Quantum chemistry calculations in 2026 produce rich, many layered results. A single run can generate atomic structures, volumetric grids for densities and orbitals, band structures, vibrational modes, spectra, trajectories, and detailed provenance describing how the calculation was performed. In principle, all of this belongs together as one coherent dataset.

In practice, it does not.

Instead, results are fragmented across a collection of loosely related files: cube files for densities, XSF for periodic systems, XYZ for trajectories, vendor specific binaries for restart data, and a mix of text, JSON, or ad hoc logs for energies and convergence. Each file captures a slice of the calculation, but none captures the whole. There is no shared manifest, no consistent schema, and often no reliable record of provenance.

This fragmentation is not just inconvenient. It is a structural limitation that has persisted for decades.

The real problem: an aging ecosystem

QC visualization landscape: tools sorted by last release year, showing active, stalled, and effectively dead categories
The freeze line in QC visualization tools

The issue is not only the number of formats, but the state of the tools that use them.

A look at the visualization tools that quantum chemists actually reach for shows a field that is partially active and partially frozen in place. Before listing them, one distinction matters. A pure orbital or density viewer exists to look at the output of a QC calculation: orbitals, densities, electrostatic potentials, NTOs, IBOs, ELF, and so on. A molecule editor with a built in renderer exists primarily to build and edit structures, and happens to visualize cubes as a secondary capability. Avogadro 2 is the latter. So is Gabedit. So is GaussView. So is every vendor GUI tied to a specific QC engine.

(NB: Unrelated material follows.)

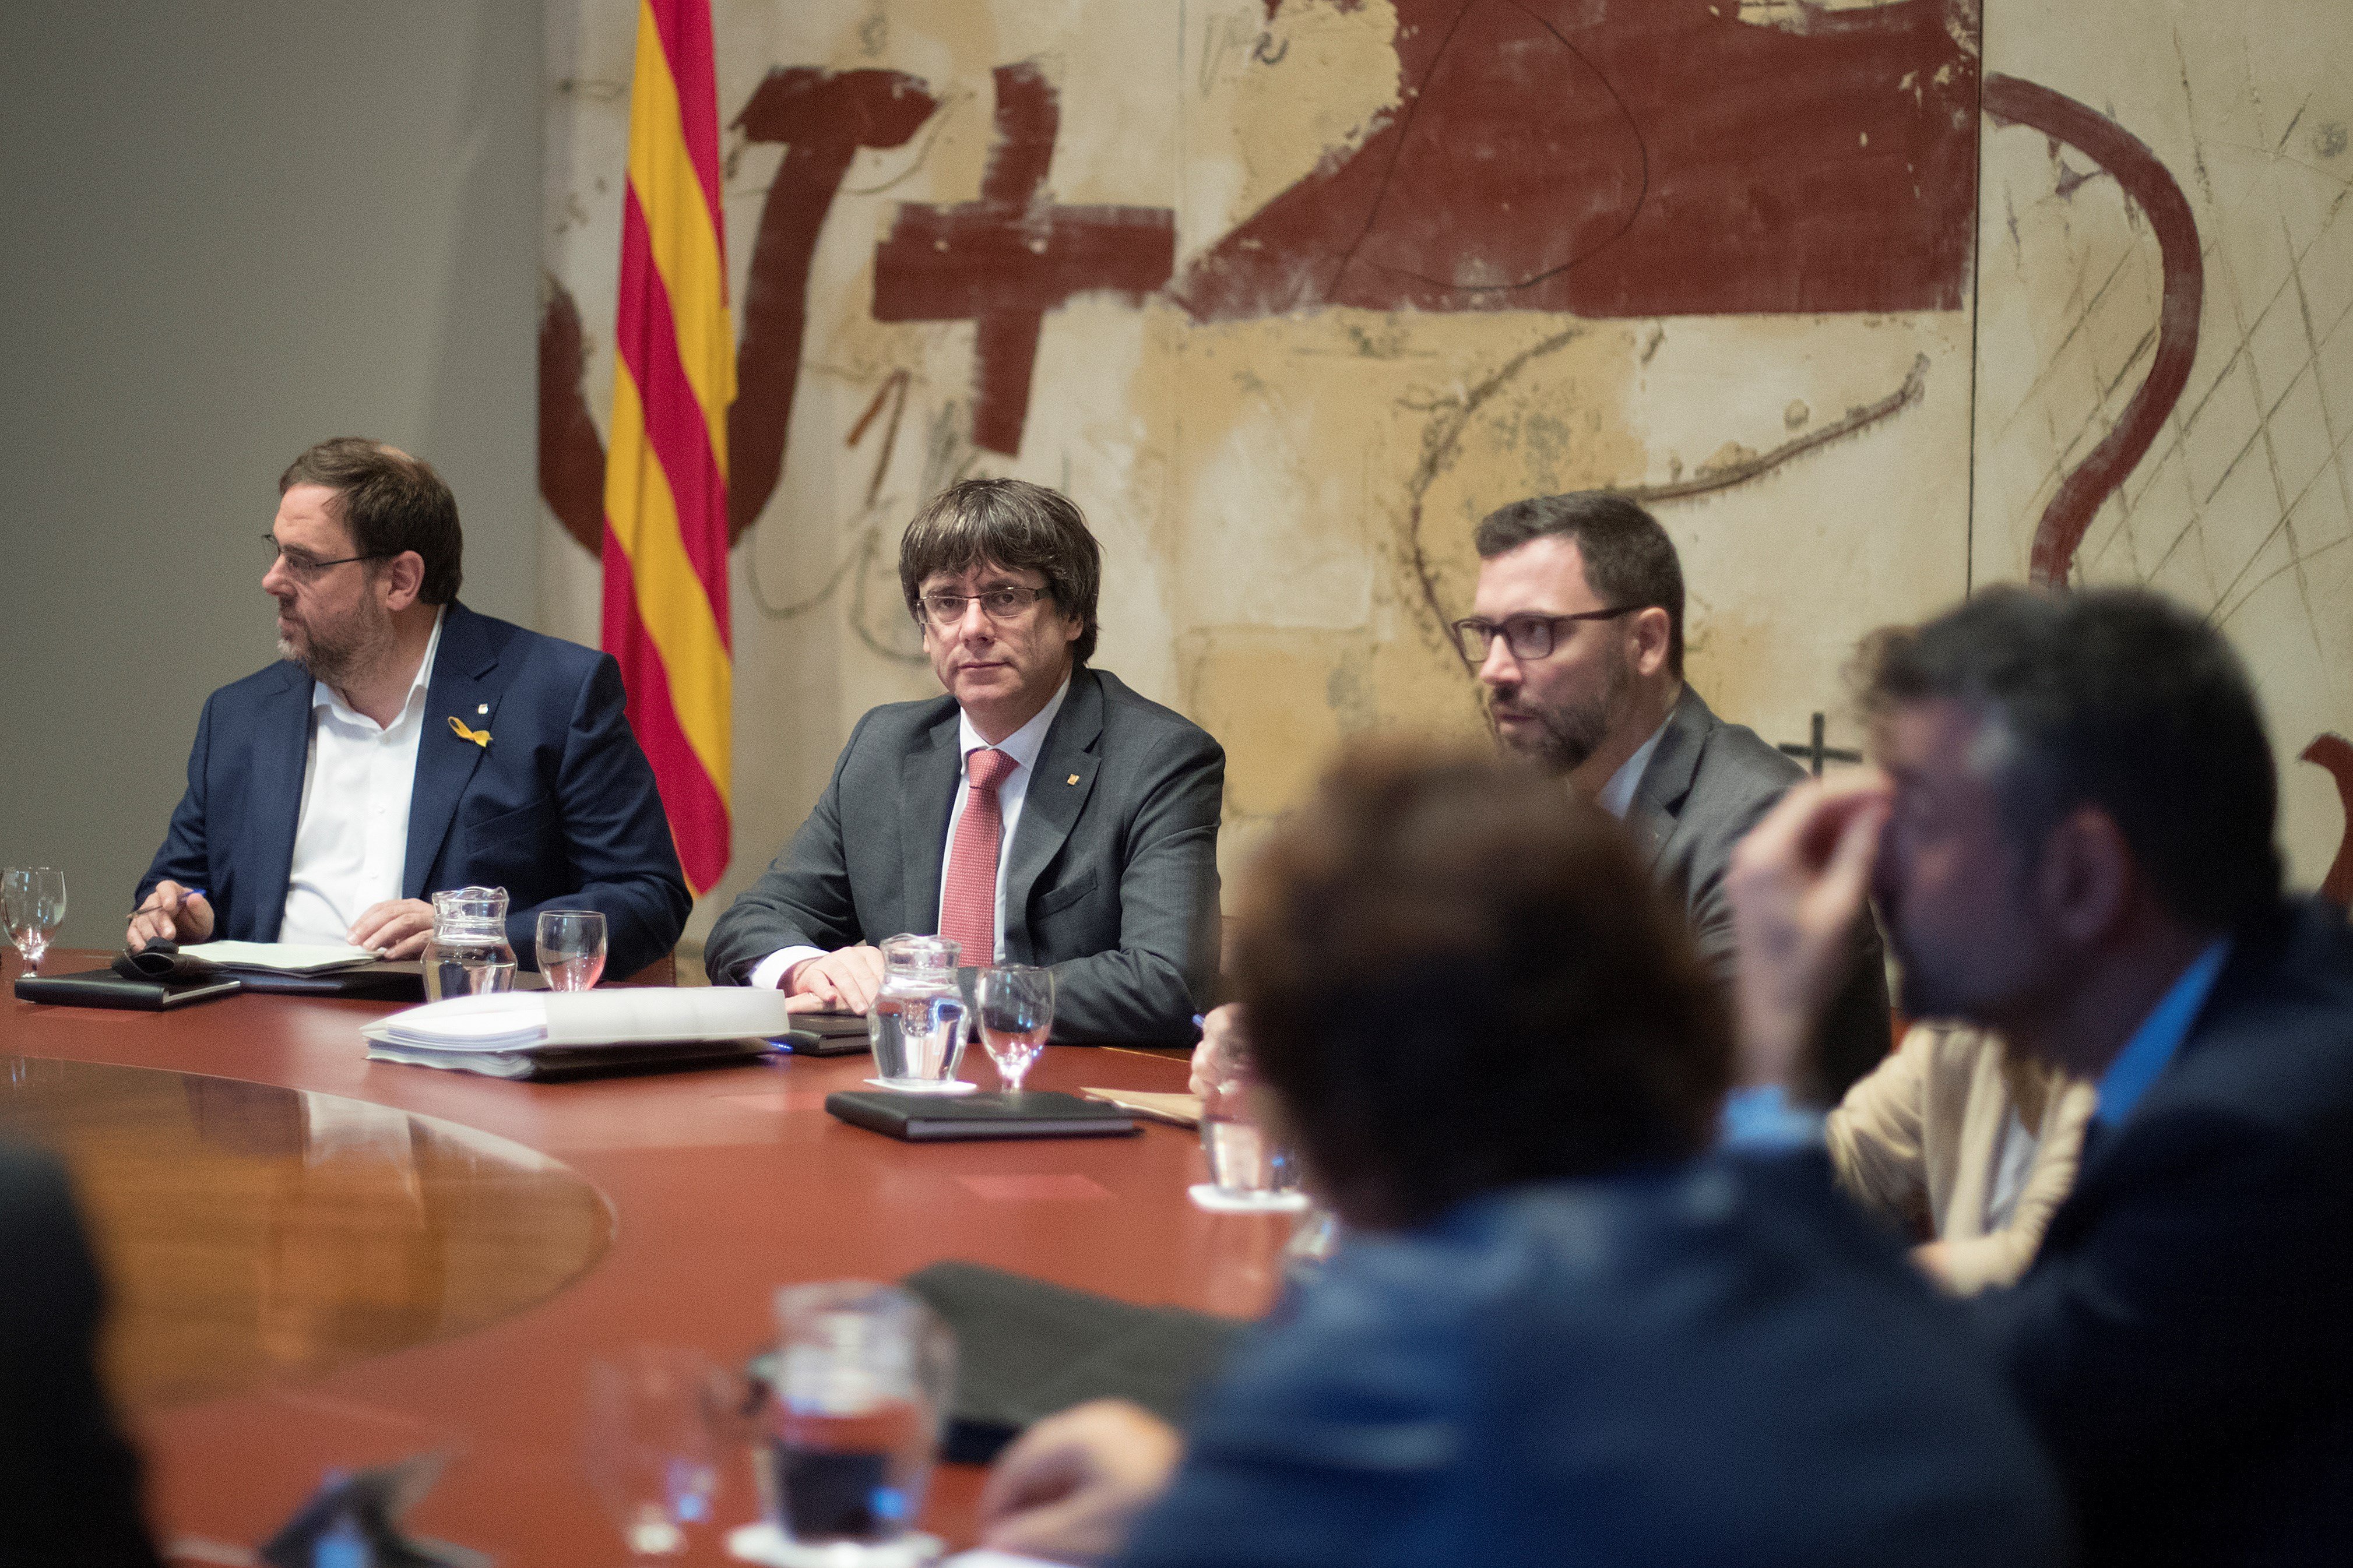 Els consellers d'ERC i alguns del PDeCAT desaconsellen eleccions a Puigdemont

The distinction matters because the editor category has steady commercial backing (Schrödinger, Gaussian Inc., SCM, Wavefunction, TURBOMOLE GmbH), while the pure viewer category is overwhelmingly academic and overwhelmingly thin.

Pure orbital and density viewers, still maintained

Tool Latest release License
Multiwfn Apr 2026 (rolling), 3.8 stable (Jan 2026) Free, permissive, academic and commercial
Pegamoid Aug 2025 (last commit), 2.12.4 active 2024 to 2025 GPL
MOrbVis Active 2025, WebGPU based Open source
IQmol Jul 2024 Open source, Q-Chem affiliated
Molden / gmolden Oct 2023 Free, proprietary terms
IboView Jan 2022 Free, custom license
QMForge Feb 2020 GPL. Slow to stall.
Speck 2017 to 2020 era, sporadic MIT

Editors and full GUIs that include a renderer, still maintained

Tool Latest release License
Avogadro 2 Apr 2026 BSD 3 clause / GPL v2, open source
AMSview (AMS GUI) 2026.1 Commercial (SCM)
TmoleX 2024.1 era Commercial (TURBOMOLE, COSMOlogic)
Maestro / Jaguar GUI 2026.1 era Commercial (Schrödinger)
Chemcraft 2024, ongoing Commercial. Free non saving demo.
wxMacMolPlt Jan 2024 GPL
Spartan Spartan’24 Commercial (Wavefunction)
Vipster 1.20.0 era, active 2023 to 2024 GPL
Gabedit Jul 2021 GPL
GaussView 2019 Commercial (Gaussian, Inc.)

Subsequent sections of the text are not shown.